[Problem requirements]:
Would you copy exactly the lines in the data below from the one that has "20 Centimes 1964, Fifth Republic (1958-1970)" through the one that has "Best Newborn Halloween", dropping any pictures?

[Provided material]:
=-=-=

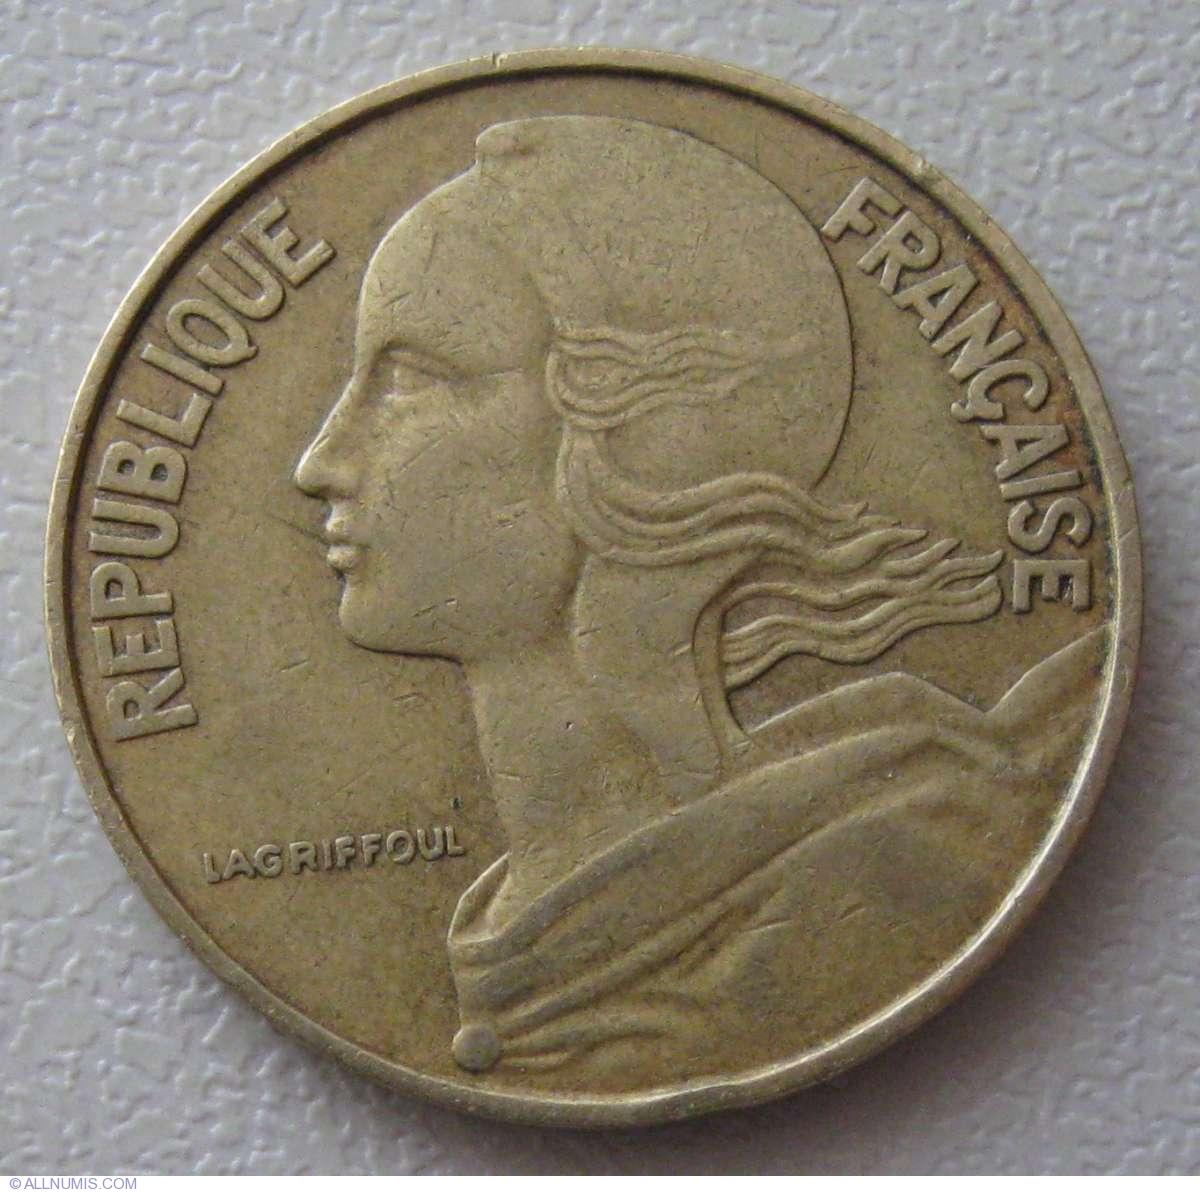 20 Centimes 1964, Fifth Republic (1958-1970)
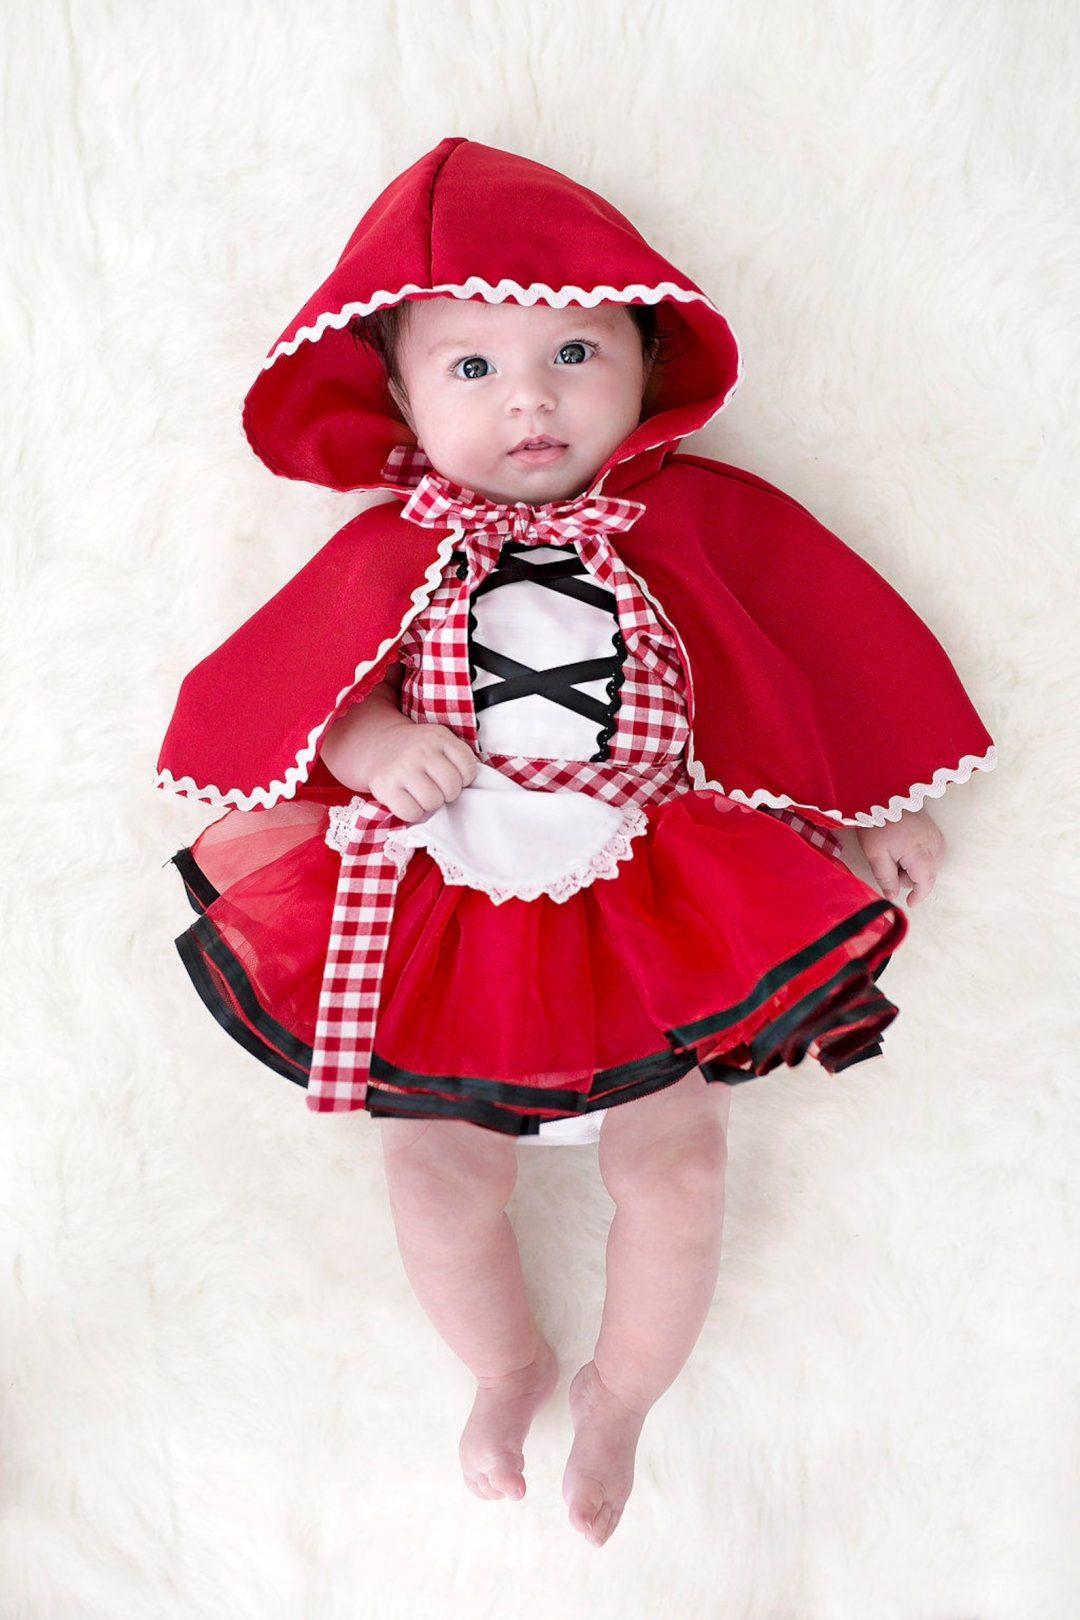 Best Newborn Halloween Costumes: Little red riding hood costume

=-=-=

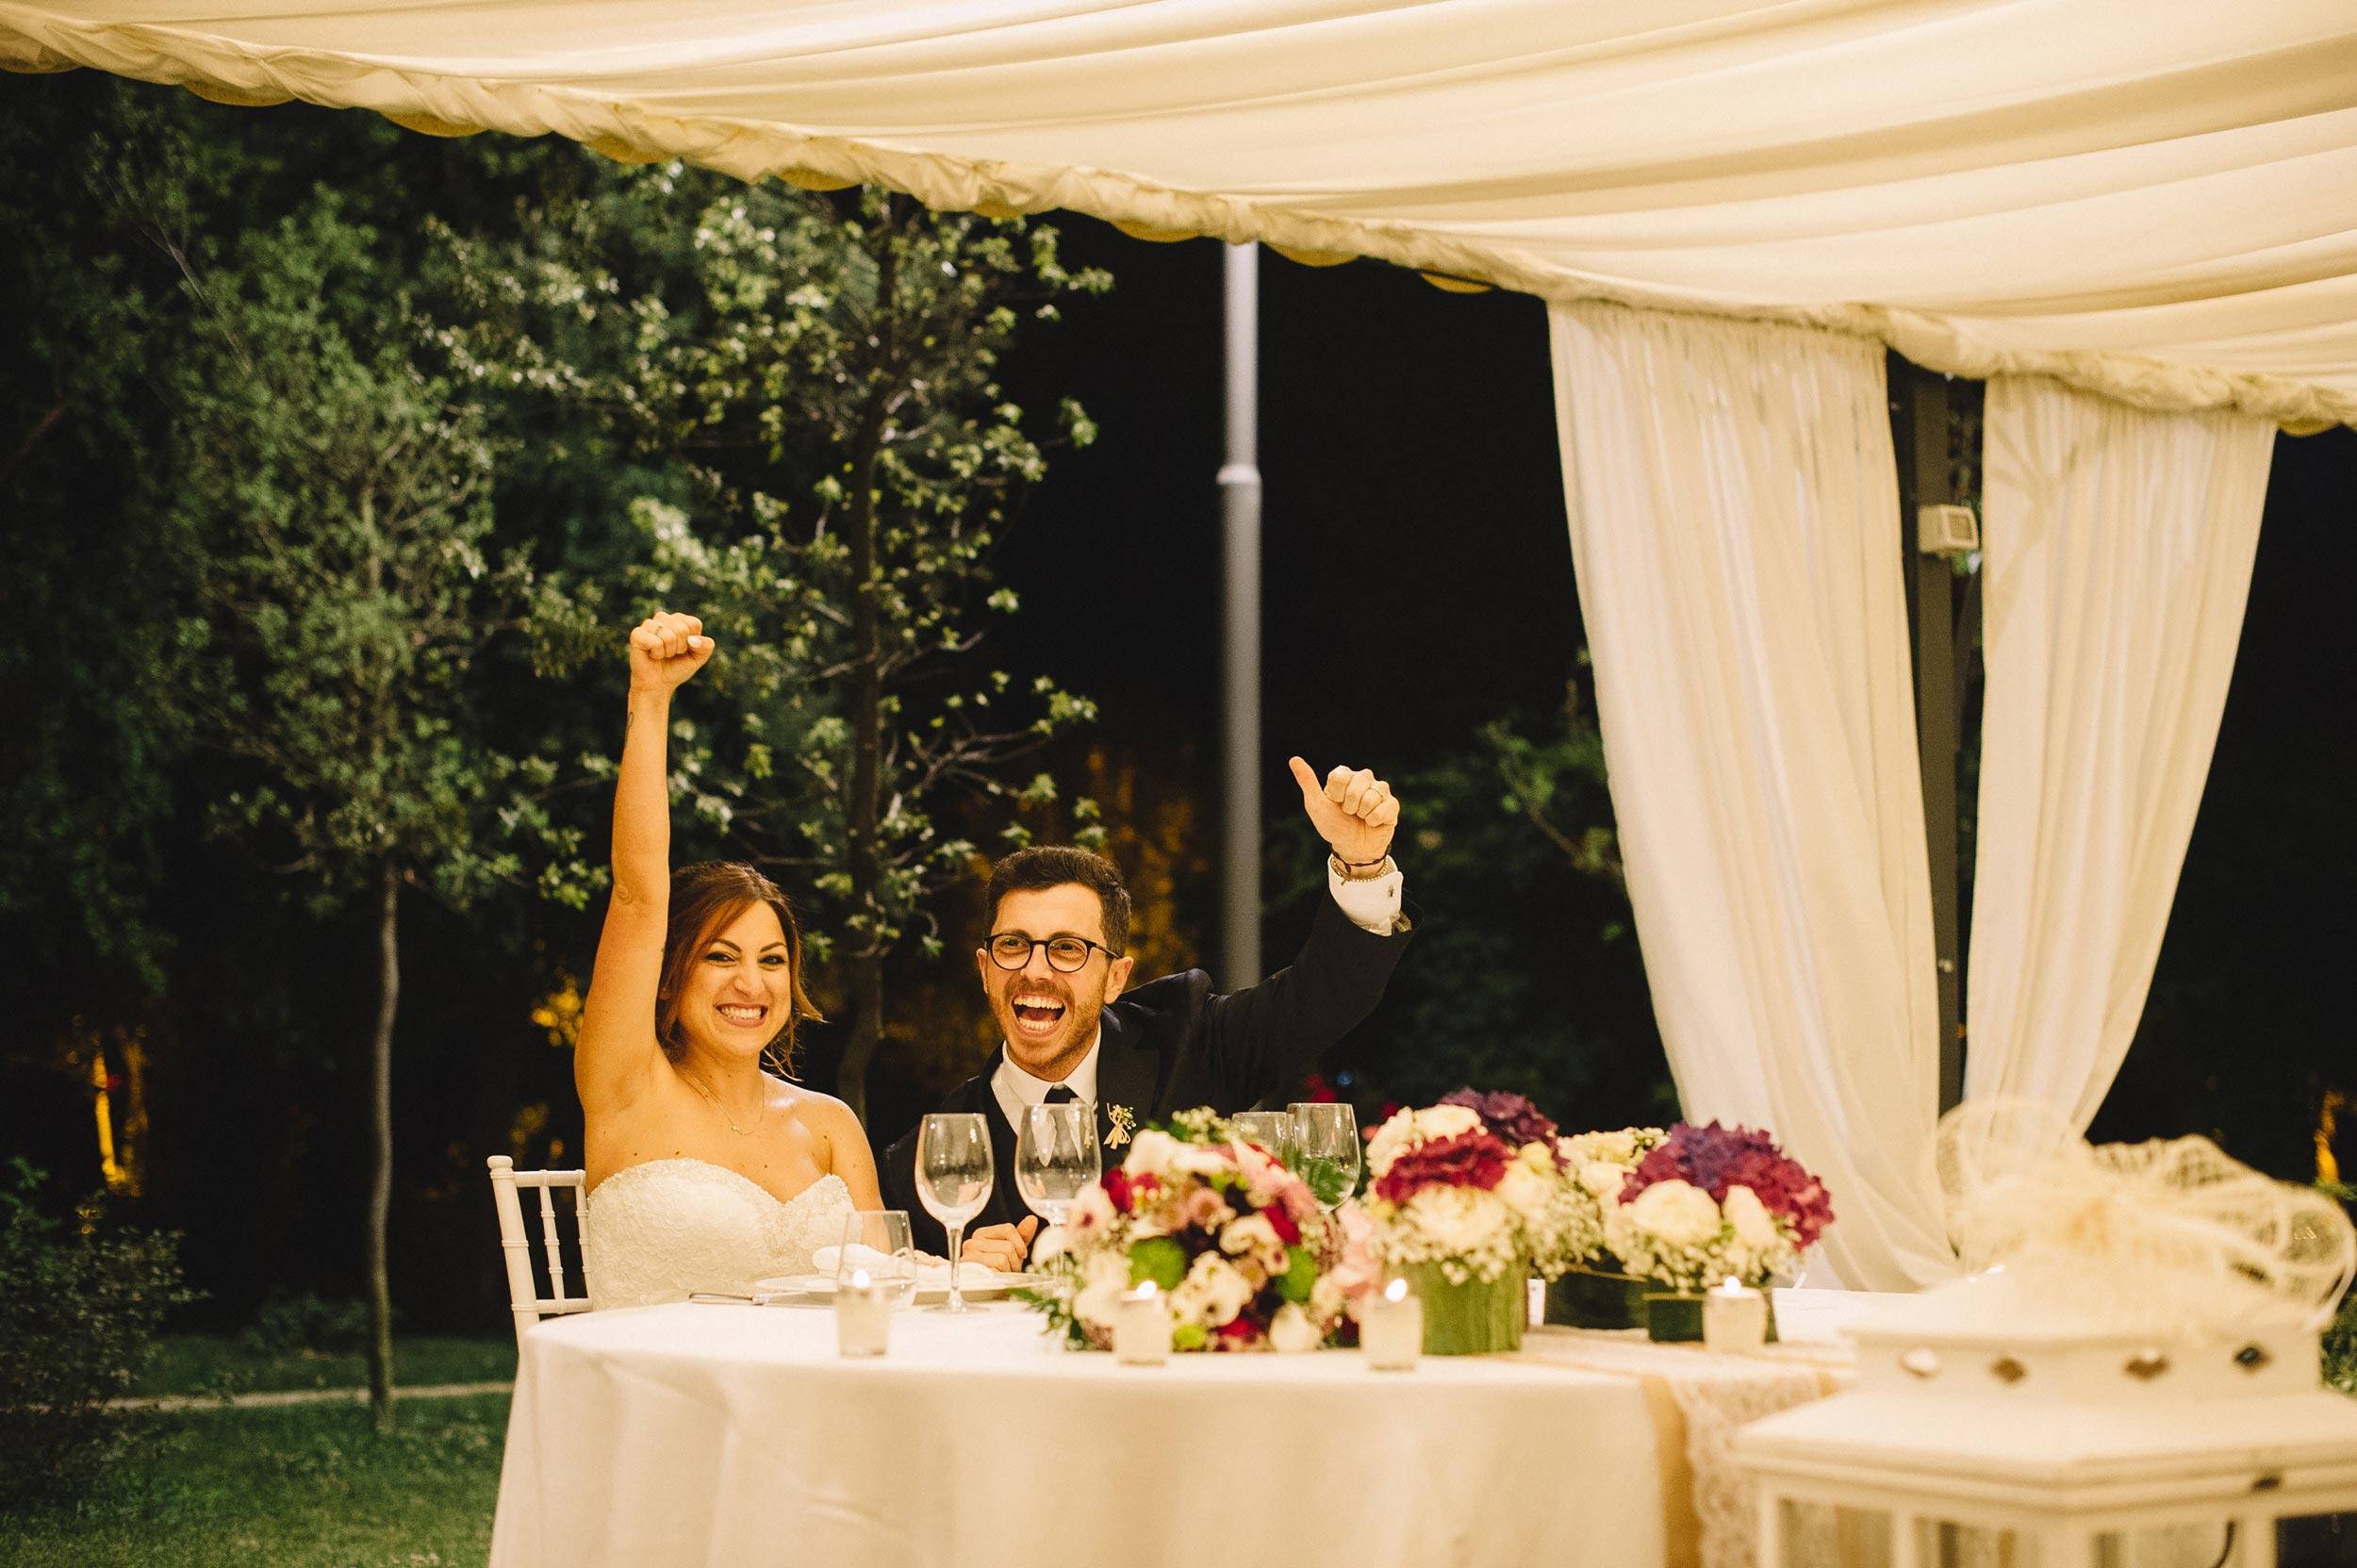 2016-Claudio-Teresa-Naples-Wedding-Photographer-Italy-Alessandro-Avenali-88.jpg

=-=-=

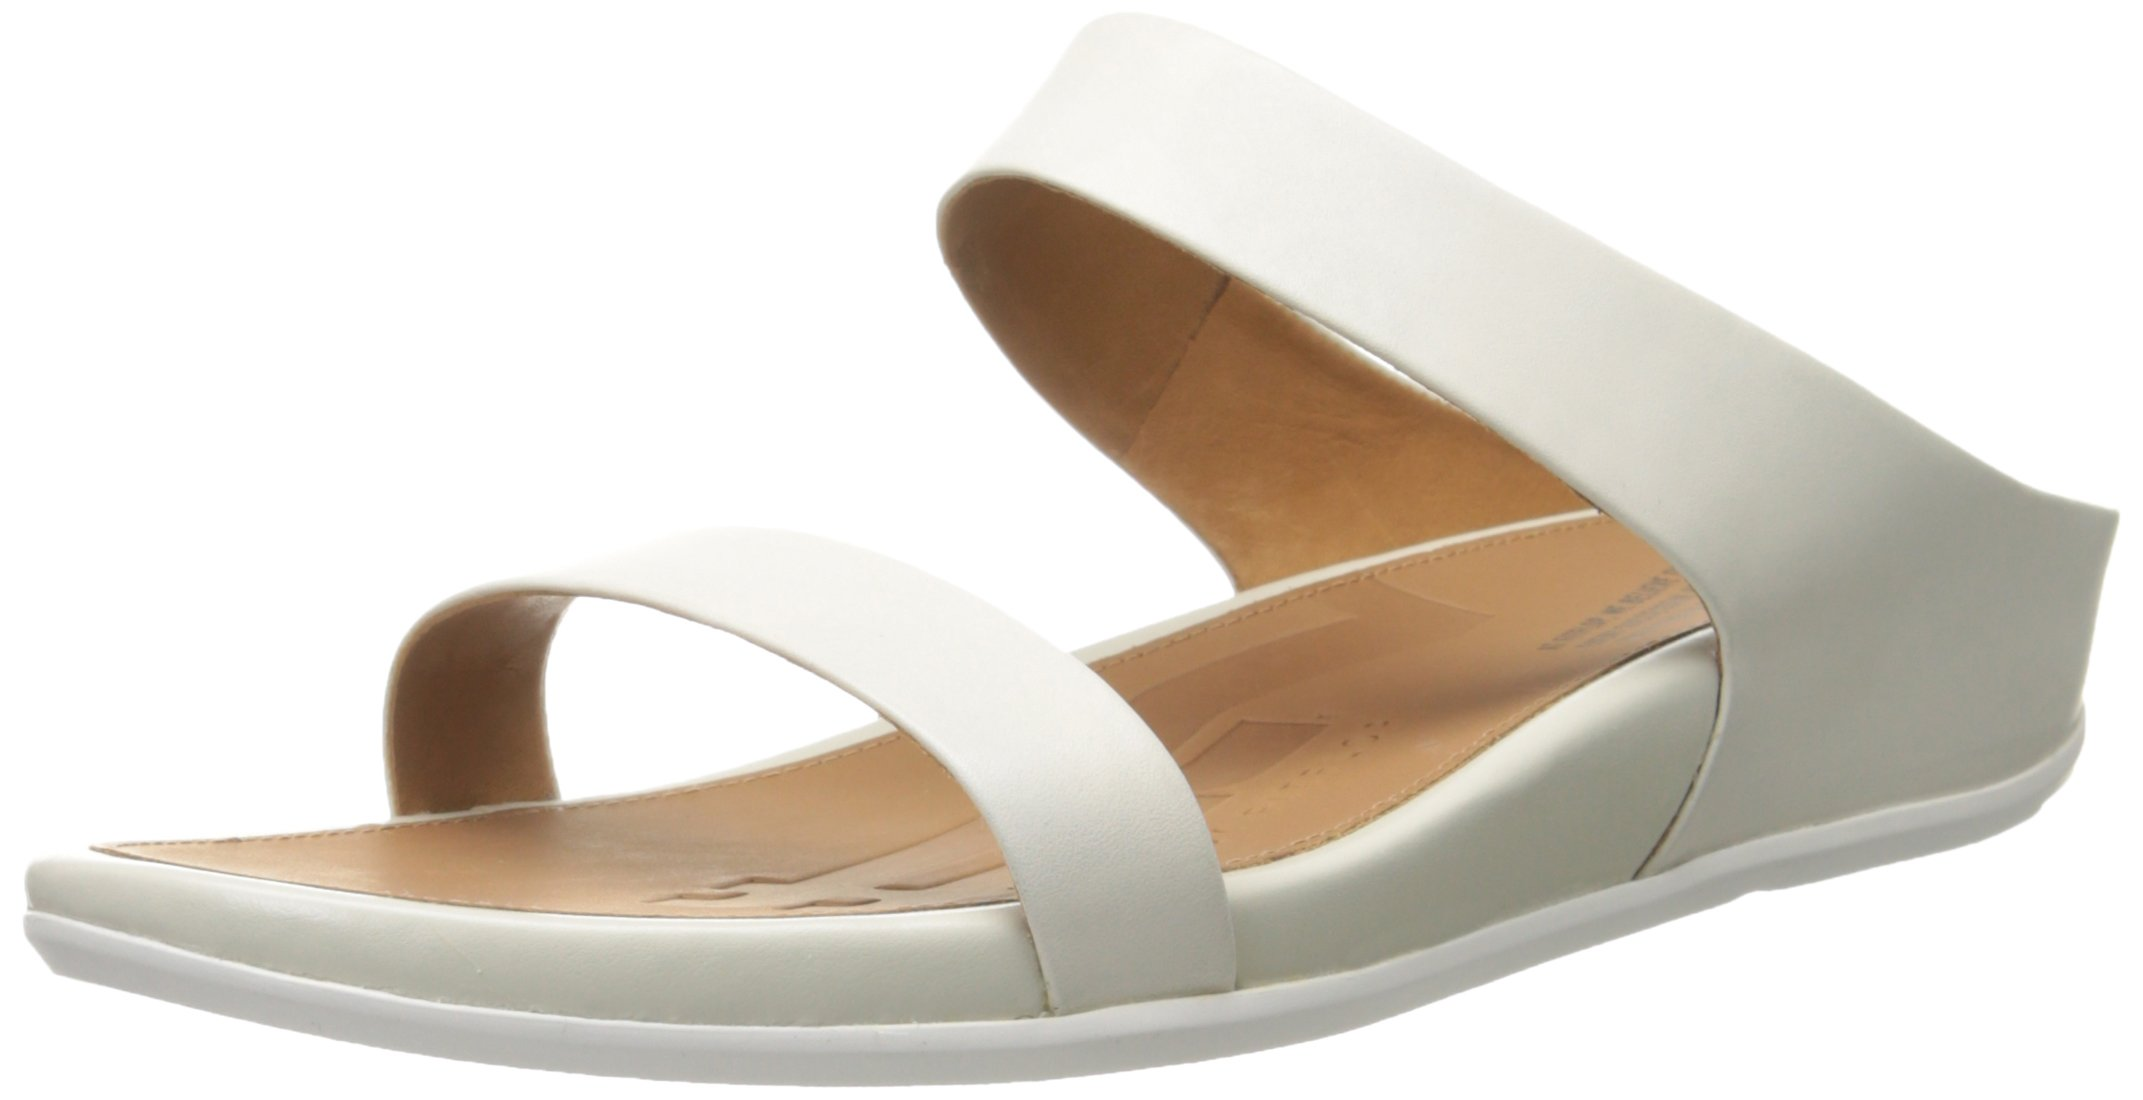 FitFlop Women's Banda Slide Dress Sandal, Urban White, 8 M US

=-=-=

[Solution for this problem]:
 20 Centimes 1964, Fifth Republic (1958-1970)
 Best Newborn Halloween Costumes: Little red riding hood costume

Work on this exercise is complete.